A healthy and functioning civil society is vital for human rights and democracy everywhere. Civil society organizations (CSOs) play a crucial role in realizing the rights protected in the Universal Declaration of Human Rights. They educate individuals about their rights; document human rights abuses; monitor the behavior of governments, including police and security forces; and advocate for the rule of law. CSOs also contribute to development, provide disaster relief, and deliver humanitarian aid in war zones.
But in recent years, civil society has been under threat. The legal “space” in which civil society is permitted to operate is being systematically “closed.” More and more countries are passing restrictive laws that hamper civil society organizations by limiting or even criminalizing the receipt of foreign funding, imposing onerous administrative requirements, or defaming CSOs as terrorists or foreign agents. Even worse, advocates for human rights and political reform face torture, disappearance, and assassination. These repressive policies are no longer confined to authoritarian states or countries in transition, but are occurring in established democracies, including in close U.S. allies like India, Egypt, Hungary, Poland, and the Czech Republic.

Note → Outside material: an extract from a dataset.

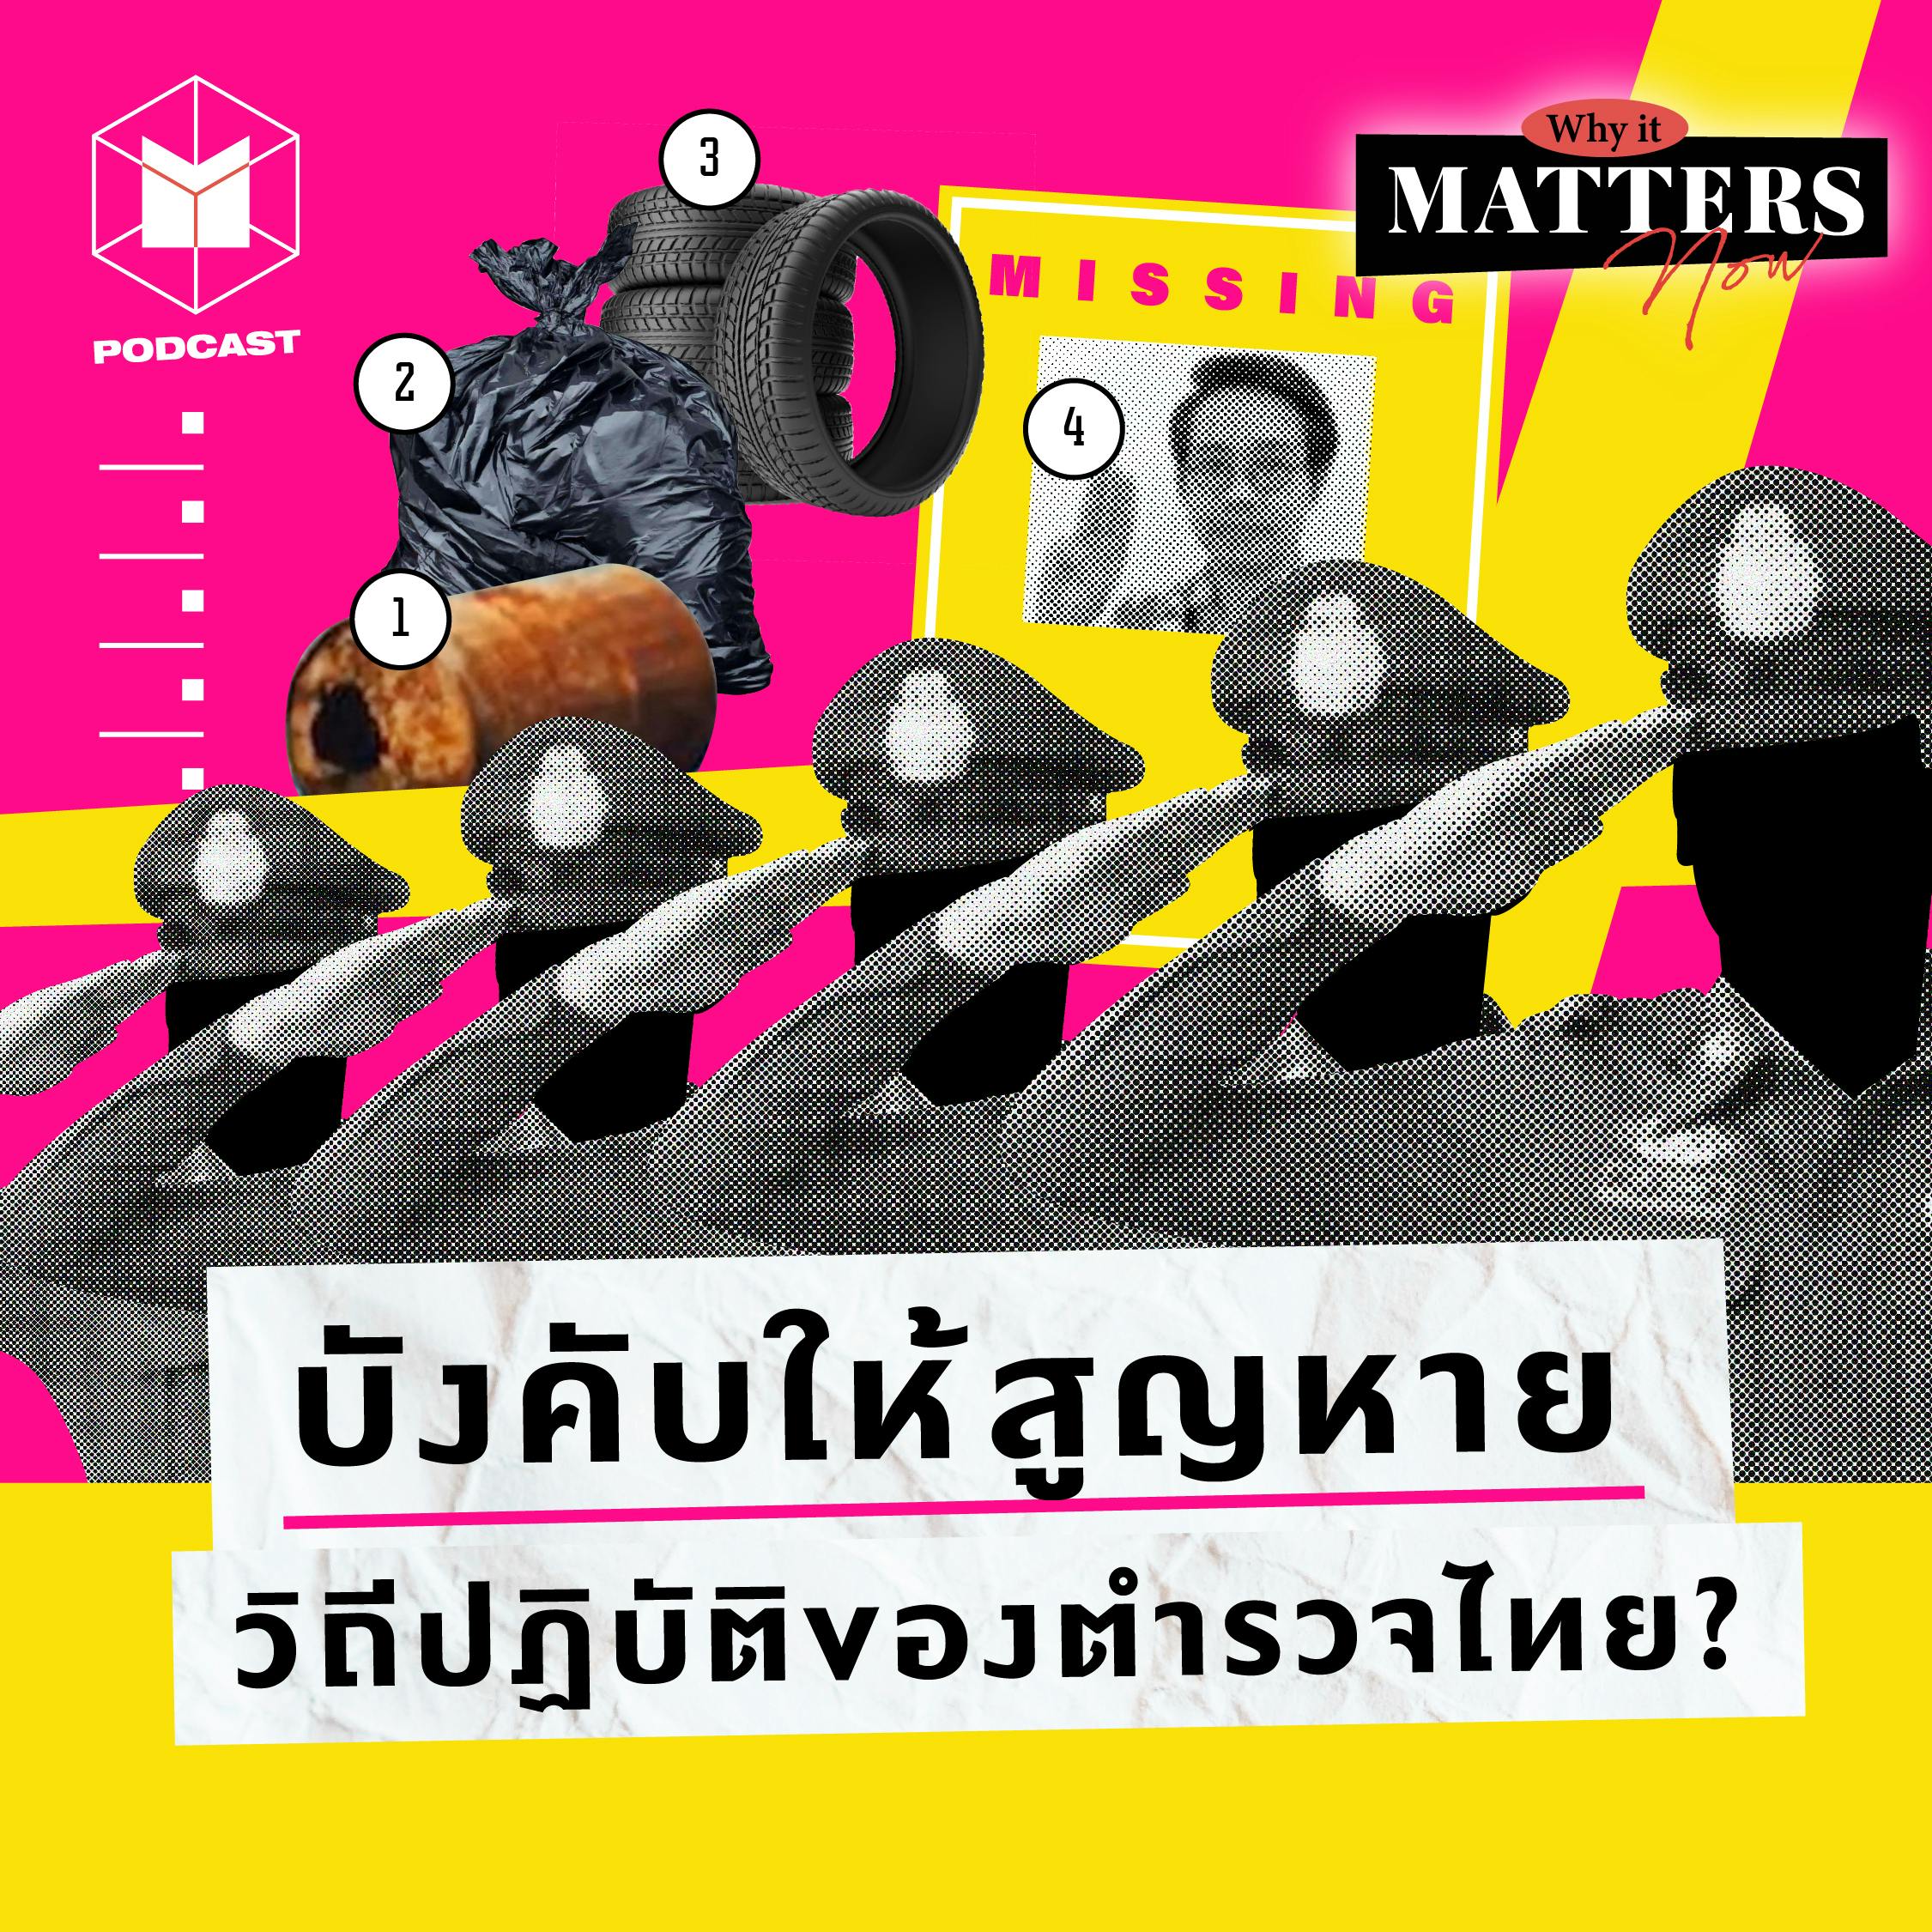 ซ้อมทรมาน-อุ้มหาย วิถีของตำรวจไทย? | Why It MATTERs NOW

- Maina Kiai, United Nations Special Rapporteur on the rights to freedom of peaceful assembly and of association
- Vanessa Tucker, Vice President for Analysis, Freedom House
- Margaret Huang, Executive Director, Amnesty International USA
- Douglas Rutzen, President & CEO, International Center for Not-for-Profit Law
- Maria Stephan, Senior Policy Fellow, United States Institute of Peace
Source: Threats to Civil Society Around the World
The U.S. State Department has just released its annual report documenting the human rights situation of countries around the world.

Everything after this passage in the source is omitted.